さて、何が書いてあるのかな?と思ったら、全部書いてありました。これは、黒須美彦というCMに心臓を捧げた人の冒険書です。そこには、地図があり、チュートリアルがあり、出会いがあり、別れがあり、興奮があり。黒須さんという人を、針でプスッと刺したら、そこから広告への想いがドバッと溢れ出して、そのままAIに流し込んだら、きっと黒須さんのAIができたところ、技術が間に合わず、まずは本のカタチにすることにした。みたいな本でした。そしてそれは、この50年で築かれたmade in japanの広告クリエイティブの教科書でもありました。

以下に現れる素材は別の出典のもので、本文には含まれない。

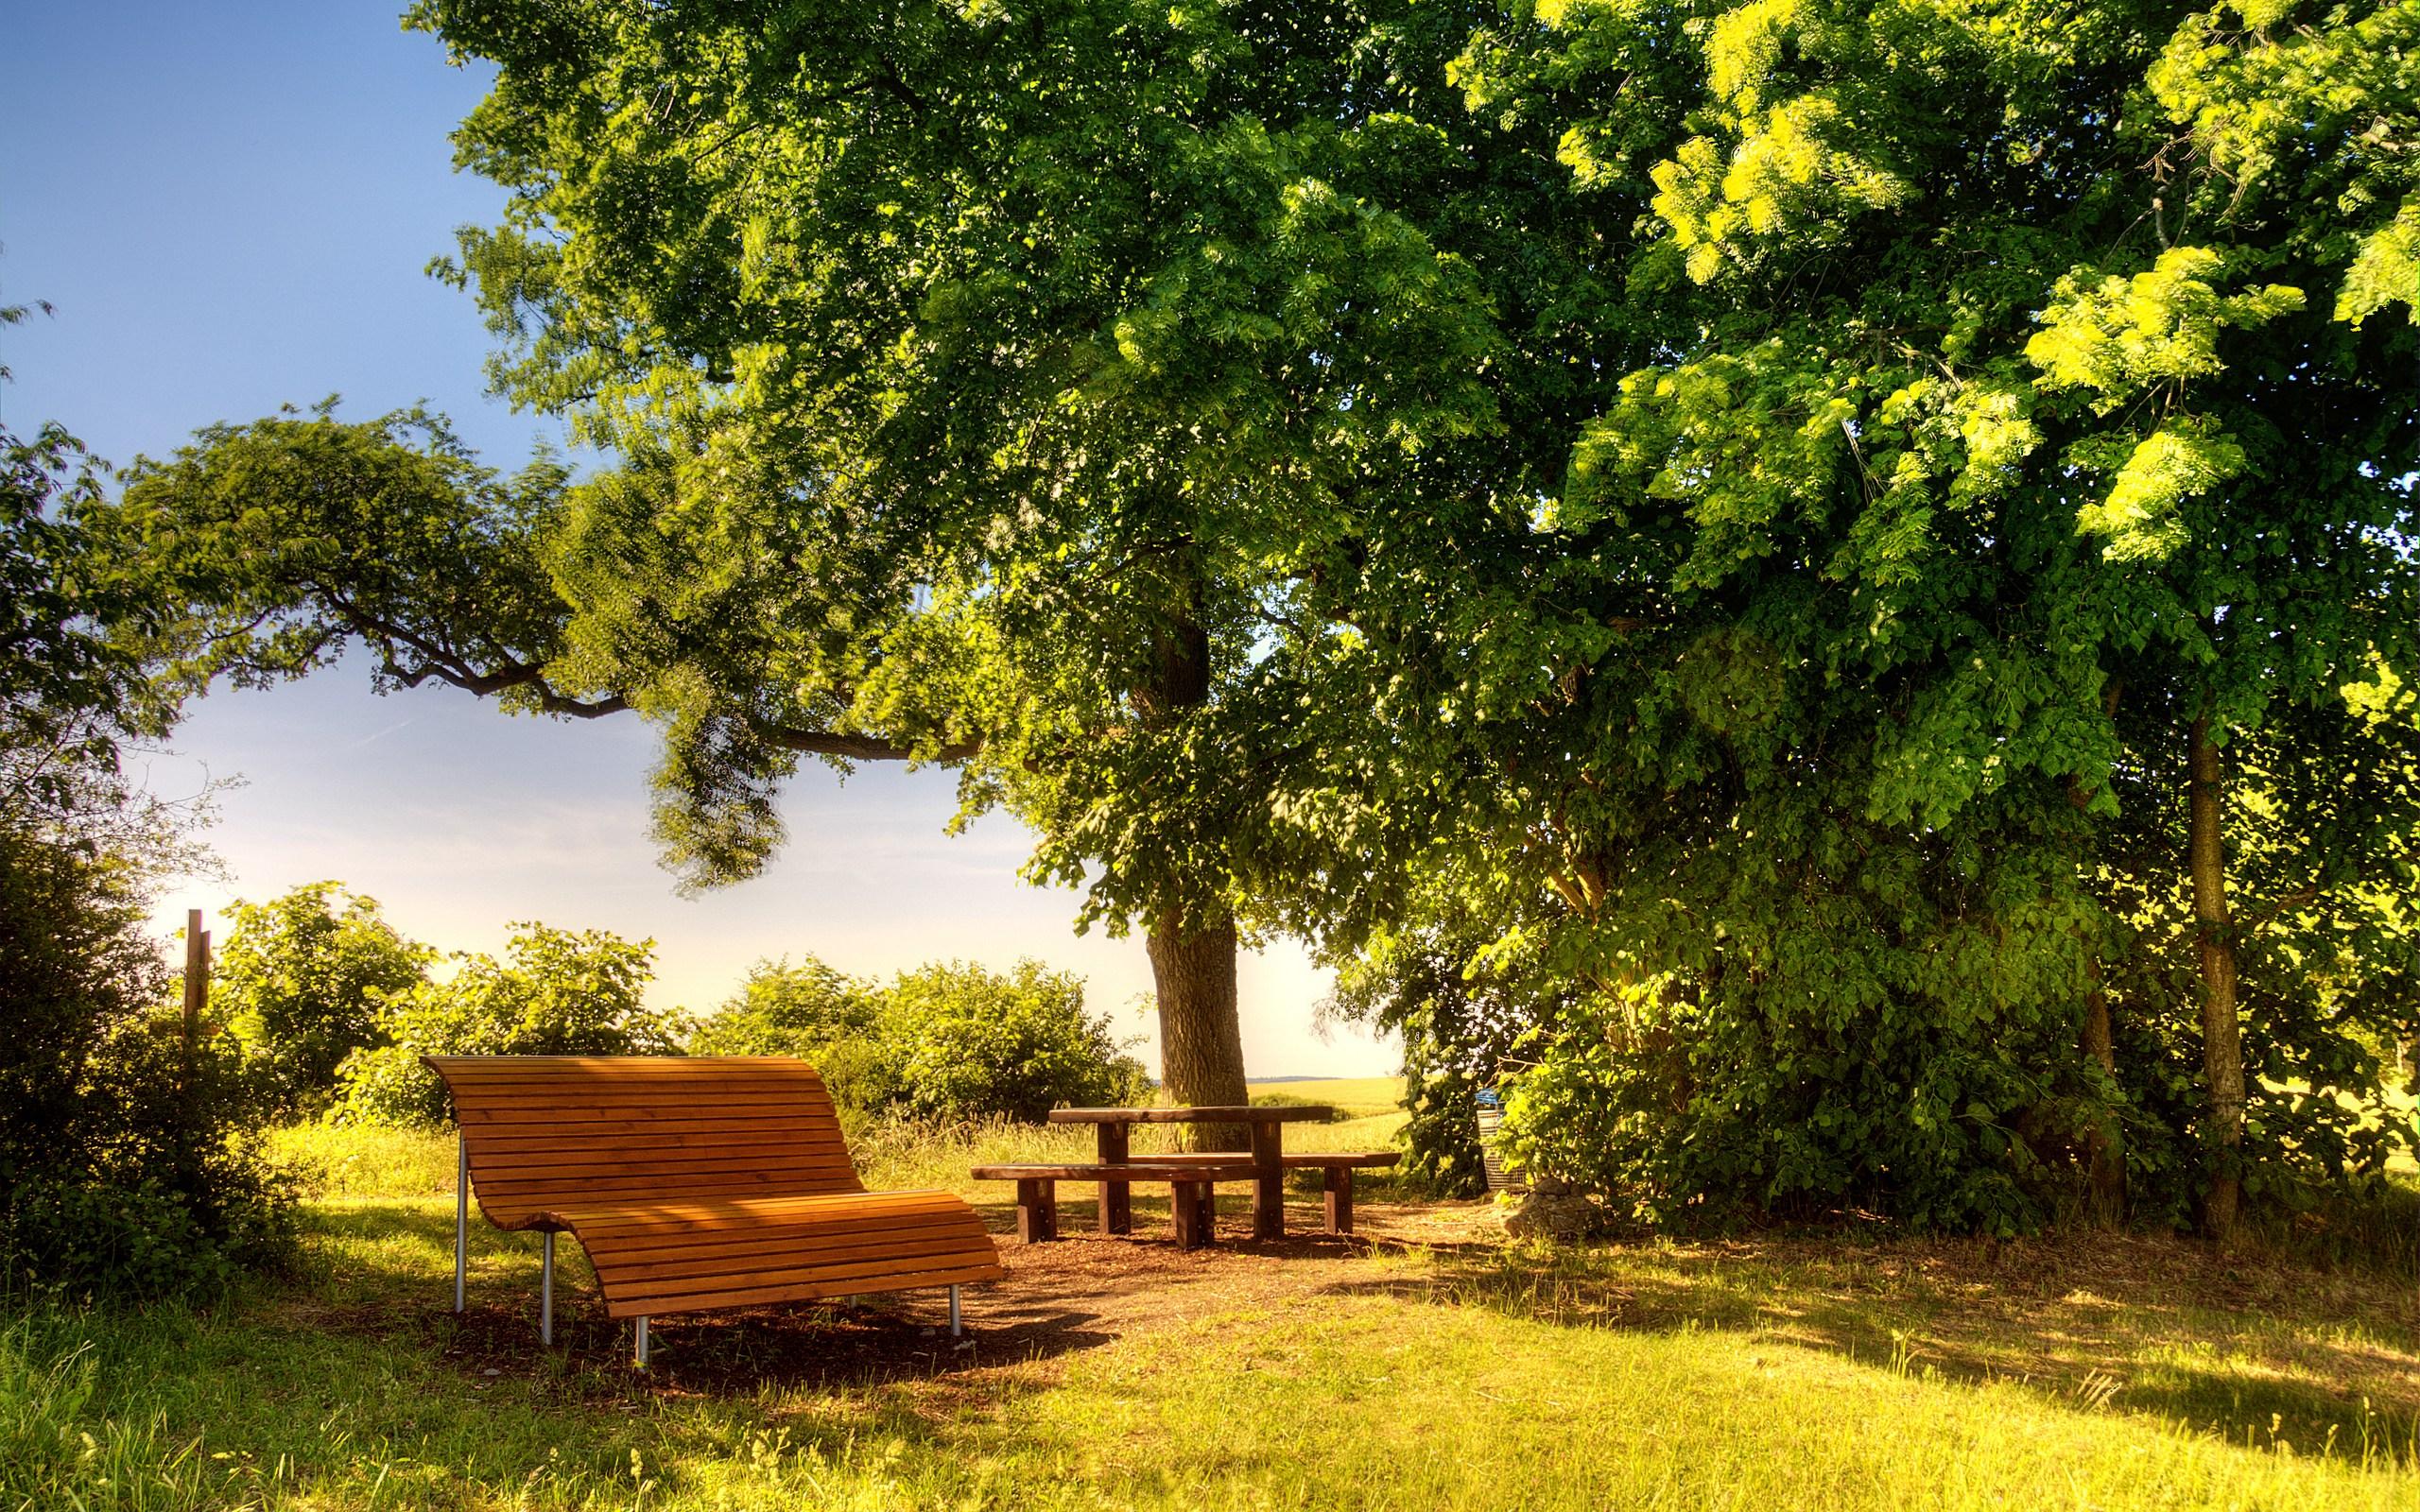 Beautiful Sunny Day wallpaper 2560x1600 29420 2560x1600
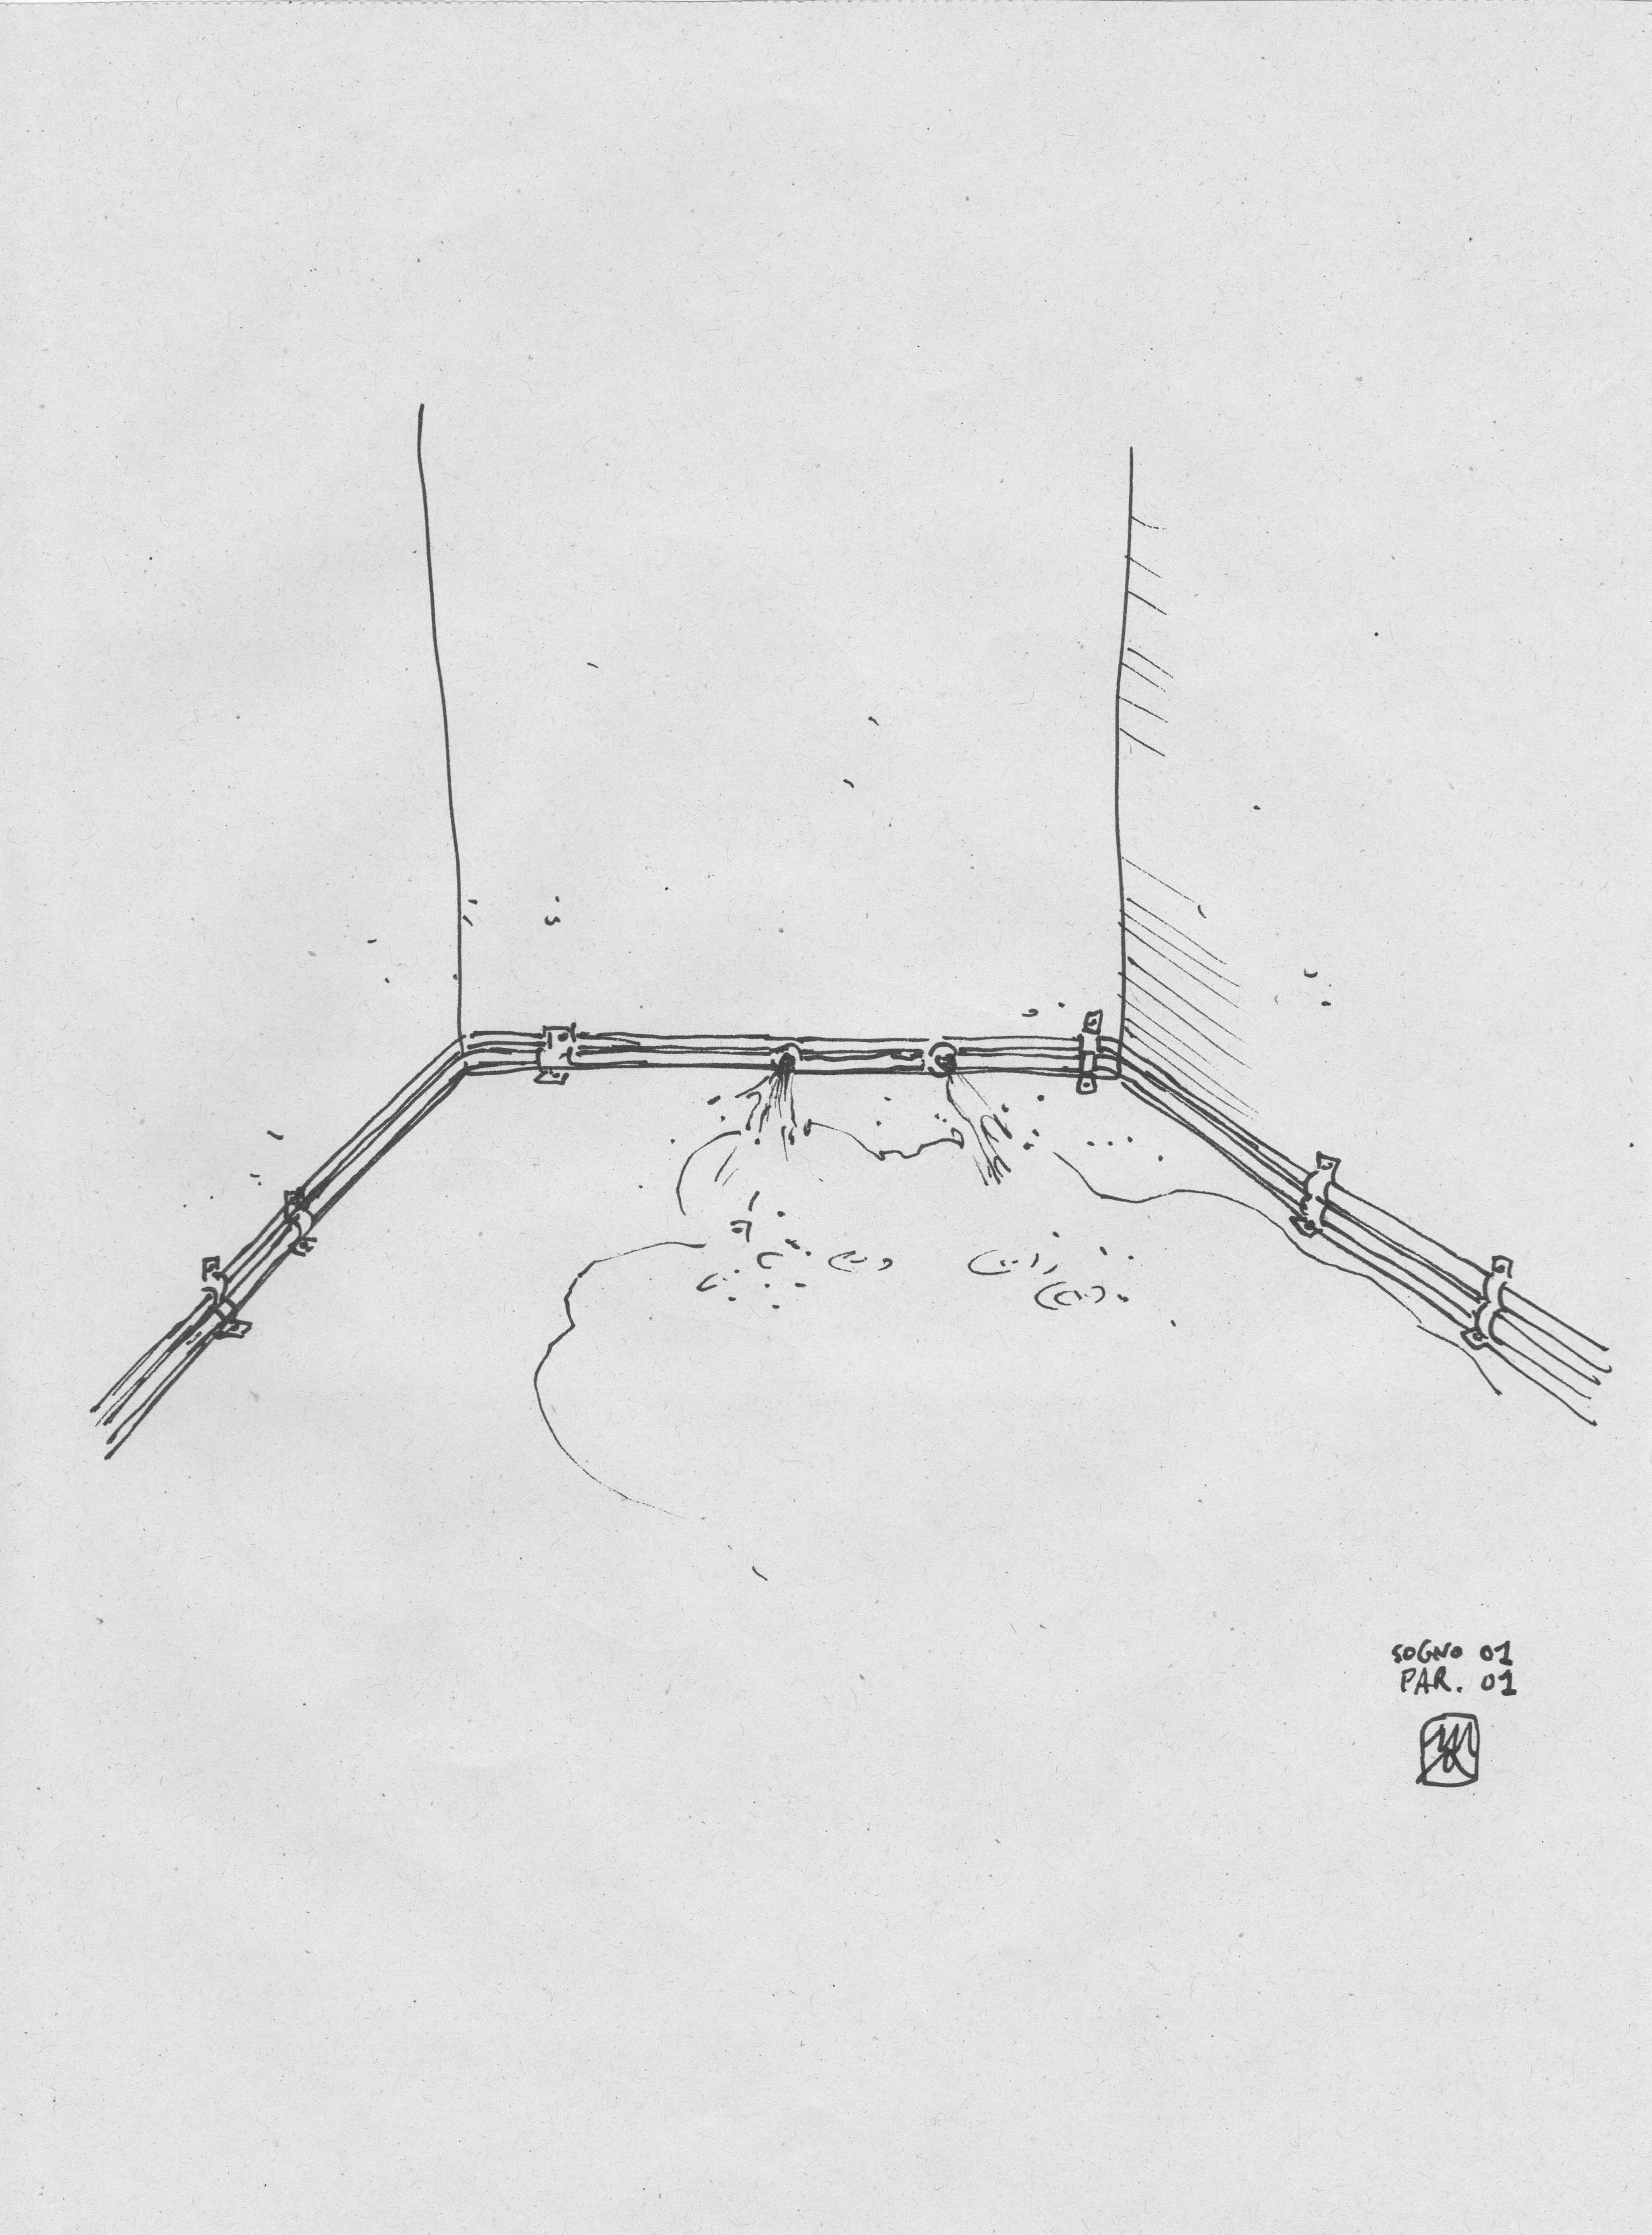 sogno01par01 - china su carta - A4

今回、このコメントを書く上で最初に思い出したのは、1997年に出版された『岡康道の仕事と周辺』(六耀社)という本に、当時の黒須さんが寄せたエッセイでした。「併走する友へ」というタイトルで、それはそれは、非常に黒須さんらしい言葉で岡さんへの想いを綴っていて、好きな文章のひとつなのですが。今回、この本を読んでいると、このエッセイの成り立ちにも触れていて、「この本、全部書いてあるじゃん」という感想を持ったのです。
もちろん、企画術へのHow toも惜しげなく書かれていて、世の中をとらえるコンセプトのレイヤーから、表現のディテールにいたるレイヤーまで、まさに、クリエイティブディレクターとCMプランナーの視点からしか語りえない内容になっていて、大変勉強になりました。貴重な企画書も丸出し。図解もたくさん。特に企画書につける前段のお手紙とか、キャラクターの作り方とか、みんな好きかもですね。と思ったら、上海蟹の美味しい食べ方のエピソードがサラッと出てくるなど、油断ならない本。そういうところが、黒須さん。
「映像」の話でいうと。CMに携わる人は、CMもドラマも映画もゲームも、世の中にある様々な映像コンテンツについて、平均よりはちょっと詳しめな職業ですが、その中でも黒須さんはトップ。あらゆる映像を50年近く、貪欲に研究して、今なお現在進行形でアウトプットし続けている、そんな方、他にいますでしょうか?本書のなかでも、黒須さんがサラッと触れた監督やコンテンツの例が、まぁ、幅広いこと。クリストファー・ノーラン、エレファント、Ghost of Tsushima、映像の世紀、エミリーパリへ行くetc…そんな本書で触れられている、黒須さんを刺激したコンテンツを旅するのも、ひとつの楽しみ方かもしれません。
さて、冗談ではなくCM制作2000本以上、50年近く続く、その大いなる冒険の果てに、黒須さんは何を想うのか?それは、この本の最後の1行に書いてあります。ぜひ、その1行を体験してみてもらえればと思います。